Further, the tunnel lining method of the present invention is characterized in that, for a tunnel having a predetermined sectional shape excavated by an excavator, a plurality of supporting molds curved at predetermined intervals on the inner wall surface of the existing tunnel are provided in the circumferential direction. The plurality of supporting molds are arranged side by side along the ring and the plurality of supporting molds are connected and fixed to each other, and the movable mold mounted outside the plurality of supporting molds connected in the ring shape is moved outward, The end face of the supporting form is pressed by the pressing member along the longitudinal direction of the existing tunnel to be supported, and the end frame ring is provided between the outer peripheral ring provided along the inner wall surface of the existing tunnel and the supporting form. And in this state, concrete is poured into a space between the inner wall surface of the tunnel and the plurality of supporting forms to form a tunnel structure.

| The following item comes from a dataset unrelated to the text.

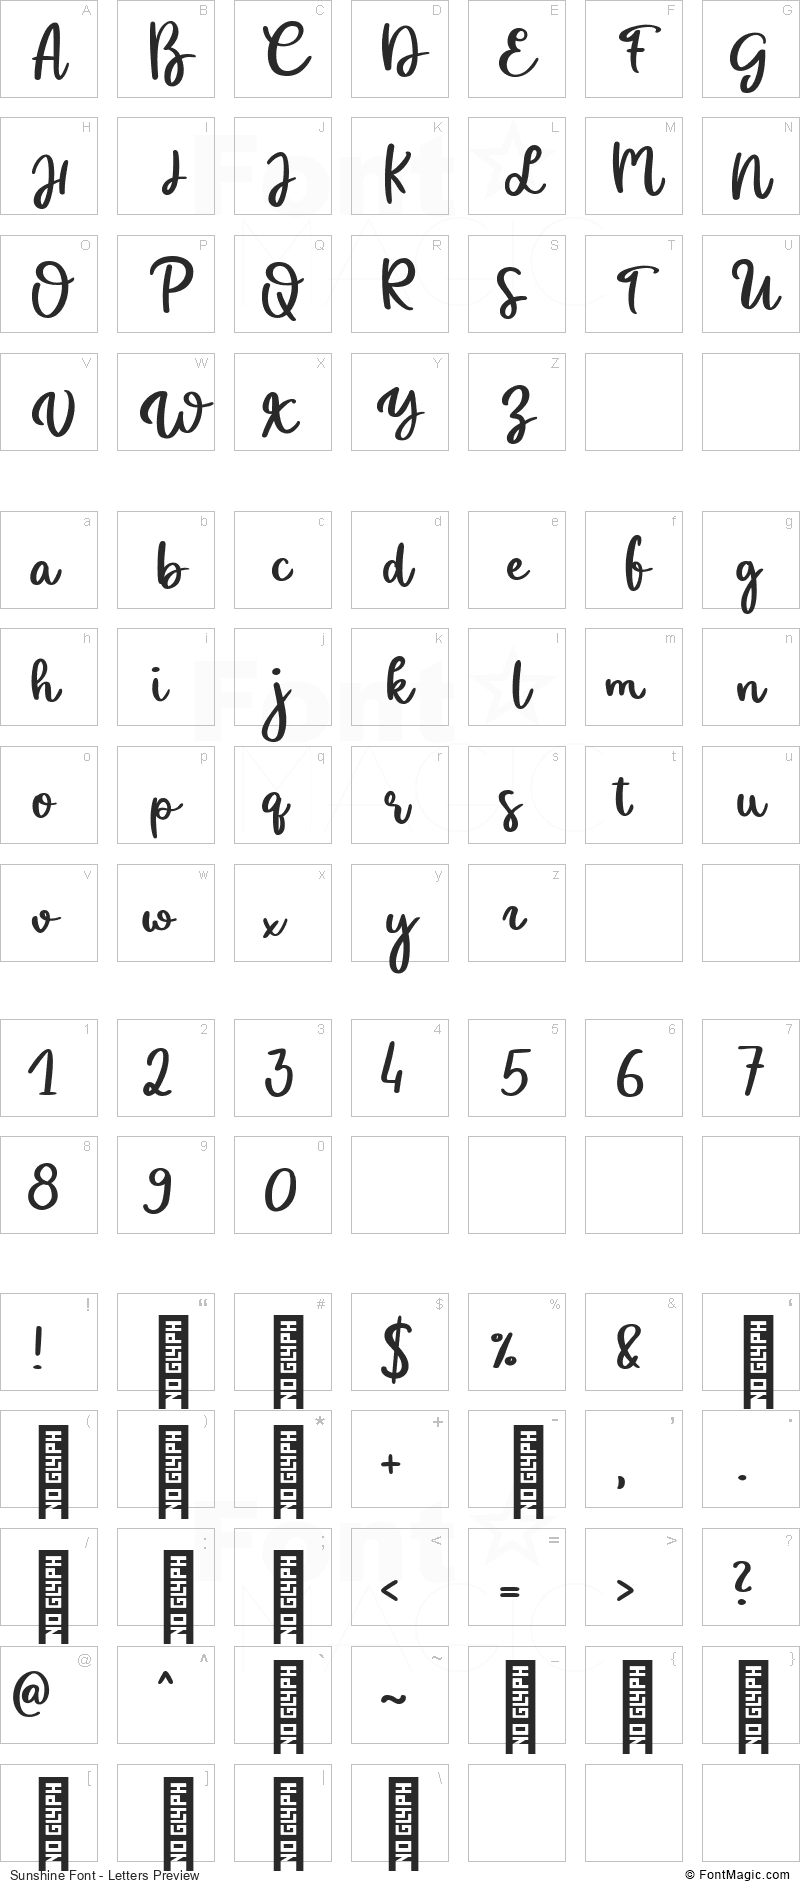 Sunshine Font - All Latters Preview Chart

Further, the supporting form of the tunnel structure of the present invention has a rectangular shape in plan view and has side walls connected to four sides of a flat portion curved along the inner wall surface of the existing tunnel, and the outside is opened. A box form, a form outer plate movably supported in the box form, and a rib on the inner peripheral surface, the box form being movable outward from the box form by the form form plate. And a movable form buried in the tunnel structure.

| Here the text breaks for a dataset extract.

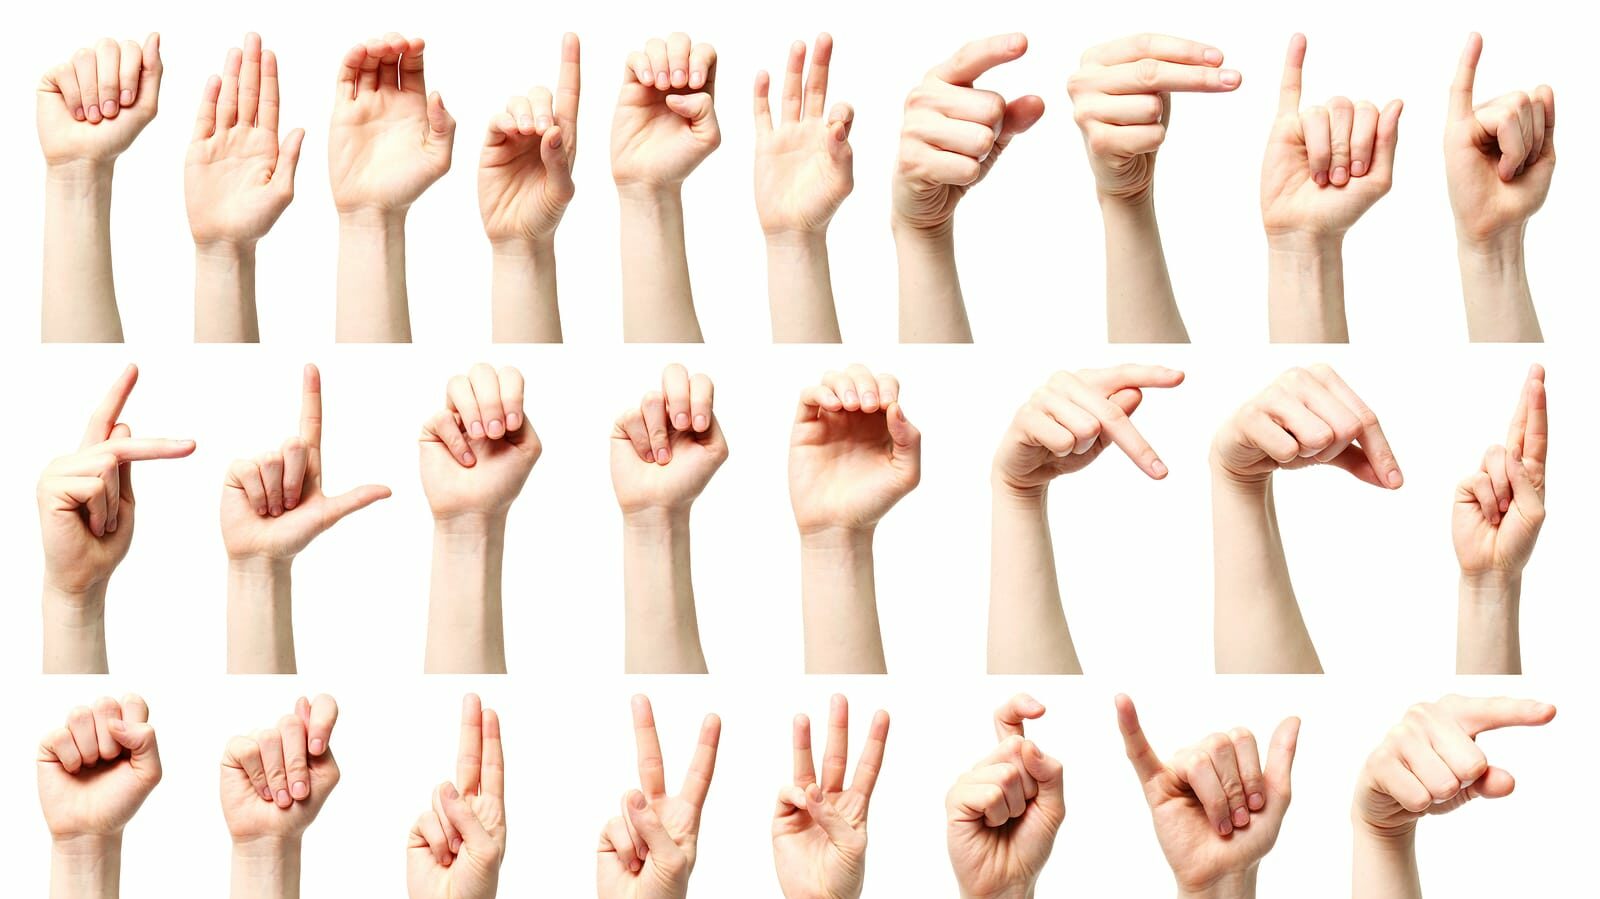 Sign language - a collage of the American sign language alphabet presented by a Caucasian young female hand.

Further, the tunnel structure of the present invention is constructed such that a movable mold is moved outward from a support mold assembled in a ring shape at predetermined intervals on an inner wall surface of an excavated tunnel, and an inner wall surface of an existing tunnel is formed. The concrete is cast between the inner wall surface of the tunnel and the ring-shaped supporting form while the movable form is buried in a state where the concrete is held at a substantially intermediate position between the movable form and the supporting form. Is formed by removing the supporting mold after solidification.

[0018]

Embodiments of the present invention will be described below in detail with reference to the drawings.

FIG. 1 is a schematic diagram of a tunnel lining device according to an embodiment of the present invention, FIGS. 2 to 5 are schematic diagrams for explaining a lining method by the tunnel lining device of the present embodiment, and FIG. Sections of a tunnel structure formed by the tunnel lining method of the embodiment, FIGS. 7 to 10 schematically illustrate a method for holding the movable formwork, and FIG. 11 shows a structure formed by the tunnel lining method of another embodiment. 2 shows a cross section of a tunnel structure that has been made.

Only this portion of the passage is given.